Андони состроил свирепую мину и с вызовом вздернул подбородок:
— Сегодня никто работать не будет.
— Кто не будет работать, тот не получит зарплаты.
— Это мы еще посмотрим, кто останется в проигрыше.
— В проигрыше будут все.
Однажды Чато попытался уволить этого мерзавца, который был неважным механиком, да еще и лодырем. Андони на глазах у шефа разорвал уведомление об увольнении, даже не удосужившись его прочесть. Несколько часов спустя он явился на фирму вместе с двумя типами, назвавшимися членами профсоюза LAB. Их угрозы прозвучали настолько серьезно, что хозяину пришлось против воли восстановить на работе негодяя, от одного вида которого у него кровь закипала. Трое забастовщиков грелись у железной бочки, в которой горели доски, сухие ветки, палки. Чато обругал их за то, что они взяли чужую бочку. Не говоря уж про доски. При слабом свете, когда солнце еще не показалось из‑за горы, огонь делал их лица красными.
Чато: сволочи, вечные подстрекатели, которые кусают кормящую их руку.
Биттори:
— Да, конечно, но если не они, то кто станет сидеть за рулем твоих грузовиков и кто станет их тебе ремонтировать?
Он попросил/приказал отодвинуть бочку, чтобы можно было открыть ворота. Андони зло и решительно повторил, что сегодня никто работать не будет. Двое других помалкивали. Им было неловко? А то! Остановить у ворот хозяина —это не шутка. И за спиной у Андони, бывшего у них сейчас за главного, они, потупив глаза, отодвинули в сторону бочку.
Главарь завопил:
— Вы что это делаете? — Как будто не видел Чато. Потом добавил, давясь яростью — или ненавистью? — Ладно, но только ни один грузовик туда не заедет и оттуда не выедет. Чато заперся у себя в конторе. Через окно, вытянув шею,он мог наблюдать за теми, что дежурили у ворот. Они старались справиться с холодом — то подпрыгивали, то дули себе на руки. Изо рта у них шел пар. Разговаривали, курили. Бедолаги. Им забили голову лозунгами. Дрессированные обезьяны, тоскующие по кнуту. А ведь как были благодарны, когда он взял их на работу!
Биттори:
— Нанимай только местных, чтобы деньги отсюда не уходили.

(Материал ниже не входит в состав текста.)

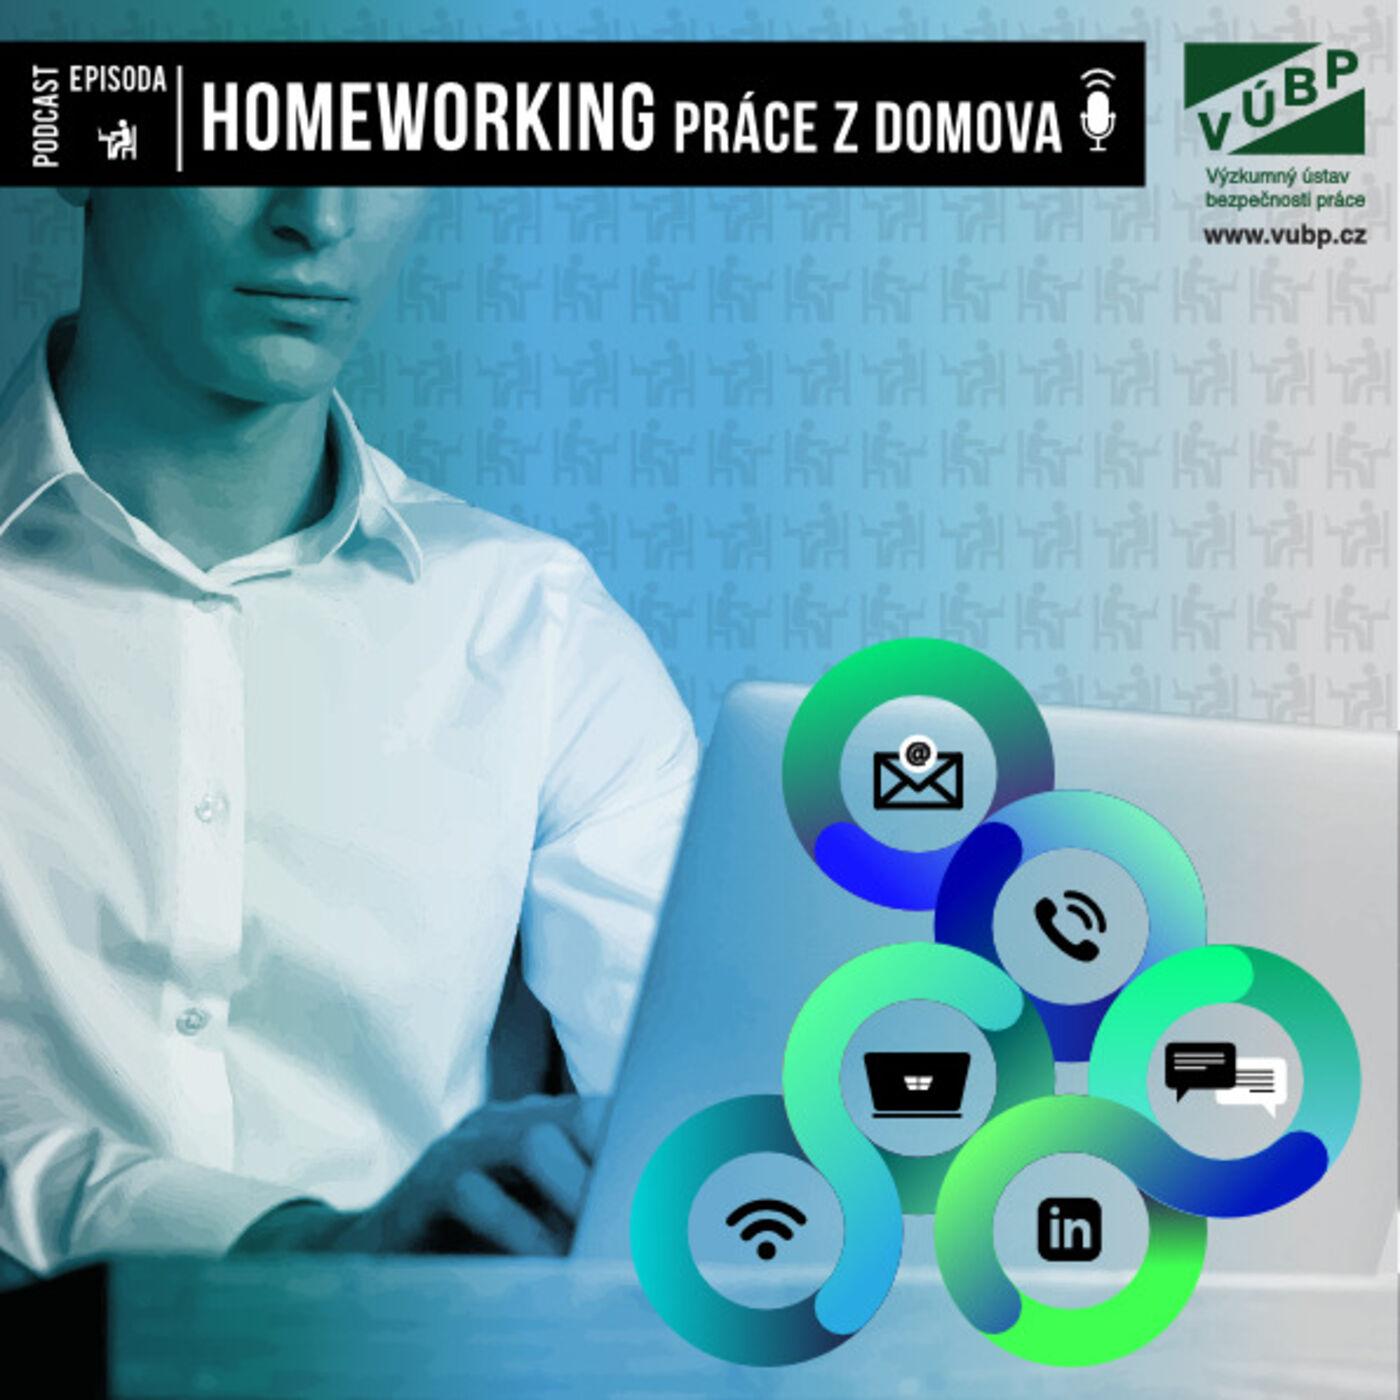 Práce z domácího prostředí (Homeworking #2) - Jak práci zdomácího prostředí dlouhodobě přežít ve zdraví
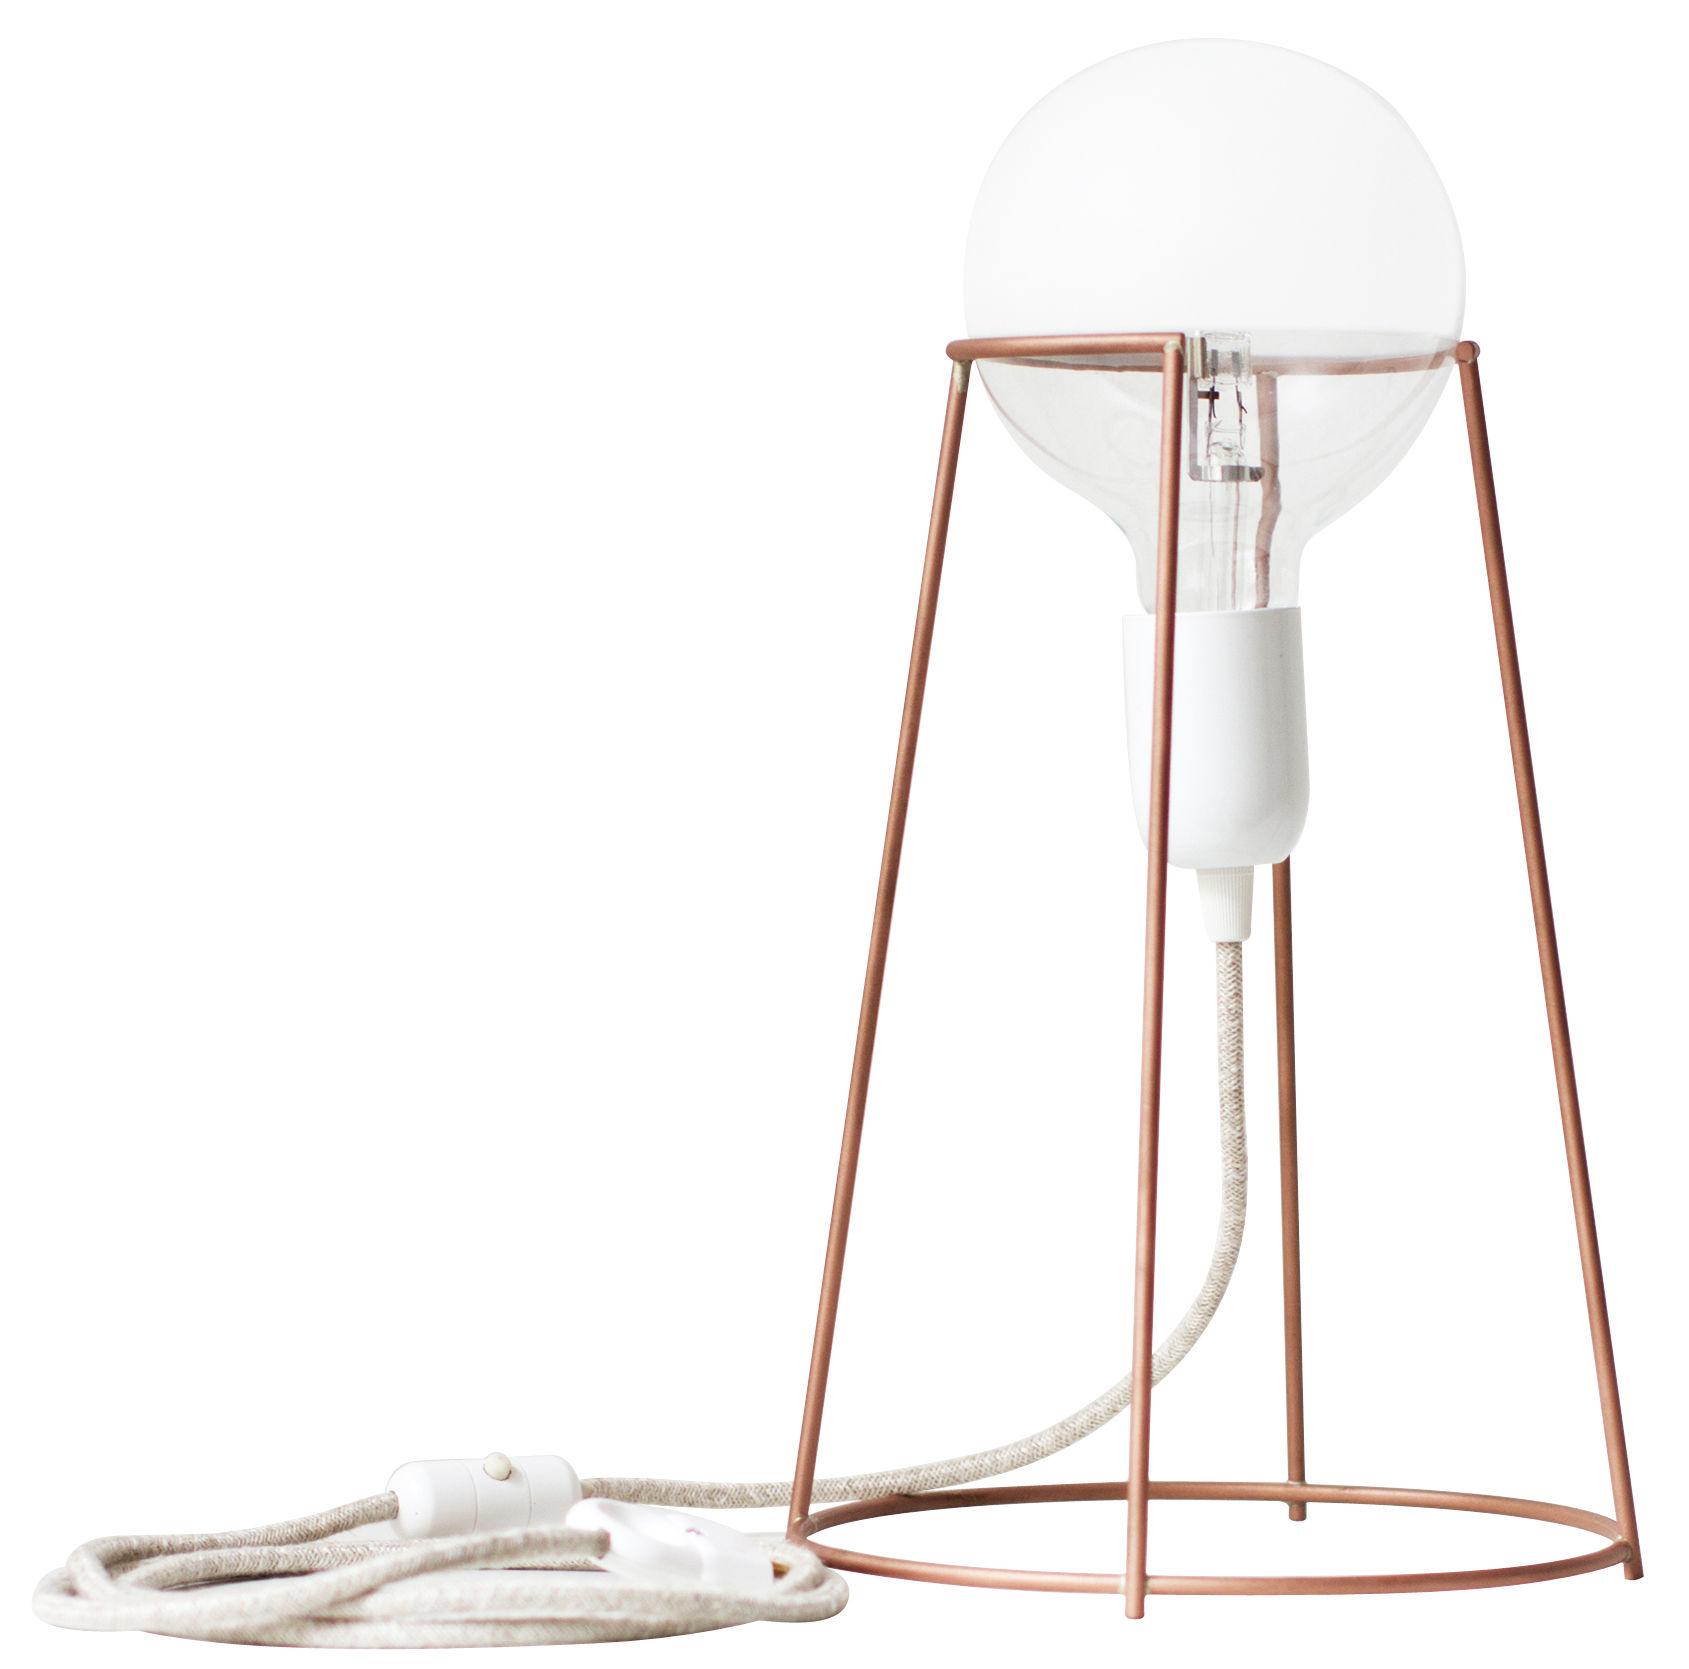 Luminaire - Lampes de table - Lampe de table Agraffé / H 37 cm - ENOstudio - Cuivre - Acier finition cuivre, Verre

Так вот, этого урода Андони он нанял лишь потому, что какие‑то знакомые Биттори очень уж за него просили, буквально стелились перед ней: да уж сделайте одолжение — и так далее. Знать бы тогда!
Не теряя времени даром, Чато позвонил некоторым клиентам и сообщил, какая сложилась ситуация. Мол, он очень сожалеет и просит его понять. Потом, уже немного успокоившись, хоть и не до конца, сделал еще какие‑то звонки, изменил график заказов, договорился о новых датах, был вынужден отказаться от важного заказа (так вашу мать!), отдал по телефону разные распоряжения водителям, которые в тот день должны были вернуться в поселок, чтобы они поставили свои грузовики на свободных площадках в промышленной зоне. А когда увидел, что к забастовщикам, дежурившим у ворот, присоединились еще двое, в том числе и тот вежливый, что звонил ему накануне домой, Чато вдруг решил: нет, так оно продолжаться не может, я должен что‑то предпринять, эти типы не заставят меня плясать под их дудку.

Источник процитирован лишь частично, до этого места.